Mon Jun 1 00:33:01 CEST 2020

Dear R users, with some delay I would like to make you aware of the recent
CRAN release of *collapse* (https://CRAN.R-project.org/package=collapse), a
large new C/C++ based package for advanced and high-performance general
purpose data transformation in R.

*collapse* has 2 main objectives:

1. To facilitate complex data transformation and exploration tasks in R.
*(In particular grouped and weighted statistical computations, advanced
aggregation of mixed-type data, advanced transformations of time-series and
panel-data, and the manipulation of lists)*

2. To help make R code fast, flexible, parsimonious and programmer
friendly.
*(Providing order of magnitude performance improvements via extensive use
of C/C++ and highly optimized R code, broad object orientation and
infrastructure for grouped programming)*

*collapse*'s main innovation to service these objectives is the
introduction of a comprehensive set of fast generic functions and
transformation operators, with methods for all standard R objects written
in C++.

Currently *collapse* provides 13 fast statistical functions (`fmean`,
`fmedian`, `fmode`, `fsum`, `fprod`, `fsd`, `fvar`, `fmin`, `fmax`,
`ffirst`, `flast`, `fNobs` and `fNdistinct`) supporting grouped and
weighted computations on vectors, matrices and data.frames, and 8
specialized vector-valued functions and associated transformation operators
(`fscale/STD`, `fbetween/B`, `fwithin/W`, `fHDbetween/HDB`,
`fHDwithin/HDW`, `flag/L/F`, `fdiff/D/Dlog` and `fgrowth/G`) particularly
useful for the transformation of time-series and panel-data.
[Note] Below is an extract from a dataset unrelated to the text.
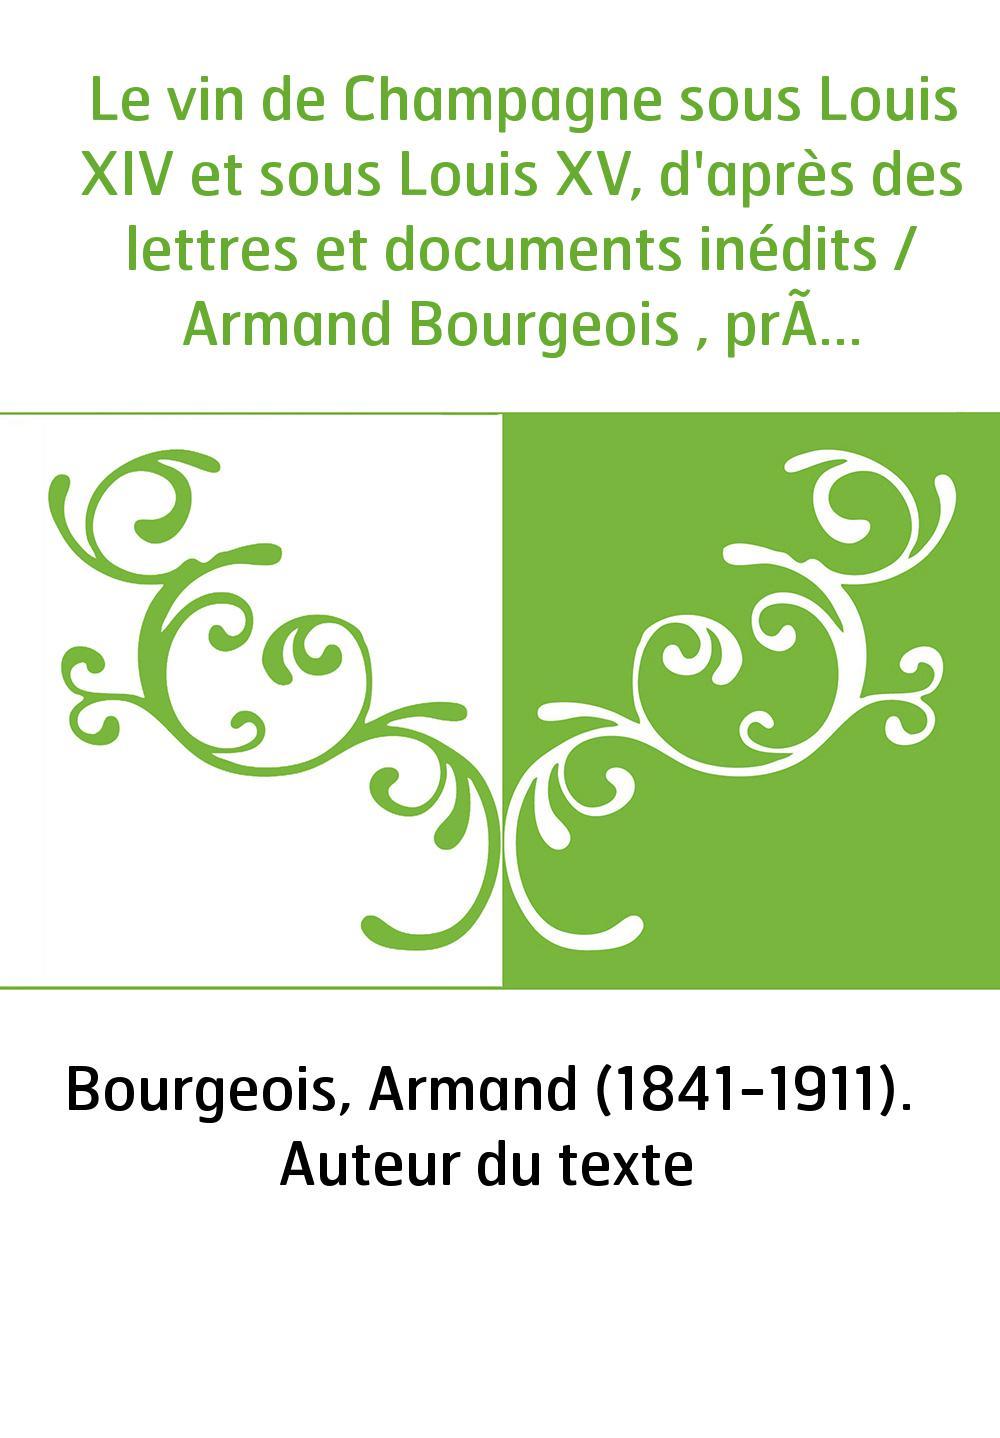 Le vin de Champagne sous Louis XIV et sous Louis XV, d'après des lettres et documents inédits / Armand Bourgeois , préface d'Arm

Furthermore
the function `collap` painlessly handles complex aggregations of mixed-type
data, and the function `qsu` computes fast (panel-) summary statistics.

Together with these functions, *collapse* also attempts to formalize and
speed up C++ based grouped programming in R: The function `GRP` creates
grouping objects which can be passed to the `g` argument of the above
functions. This eliminates all time spent on grouping when performing
several computations over the same groups! The `TRA` function also exists
for grouped replacing and sweeping out of any computed statistics.

To round things off, *collapse* provides full sets of functions for very
fast manipulation of data.frames, fast ordering, fast factor generation,
fast conversions between common data objects, and for recursive list
processing (such as the function `unlist2d` which creates a tidy data.frame
from a nested list of heterogeneous data objects).

To enhance compatibility with existing frameworks, *collapse* functions
provide methods for *dplyr* grouped tibbles and *plm* classes for
panel-data (pseries and pdata.frame). *data.table*'s are also supported by
all functions. These methods allow for easy integration of *collapse*'s
fast functions into any of the workflows with these packages. The default
methods for transformation functions like `fscale` or `flag` can also
handle most time-series classes. In general attributes are preserved as
much as possible in all *collapse* computations.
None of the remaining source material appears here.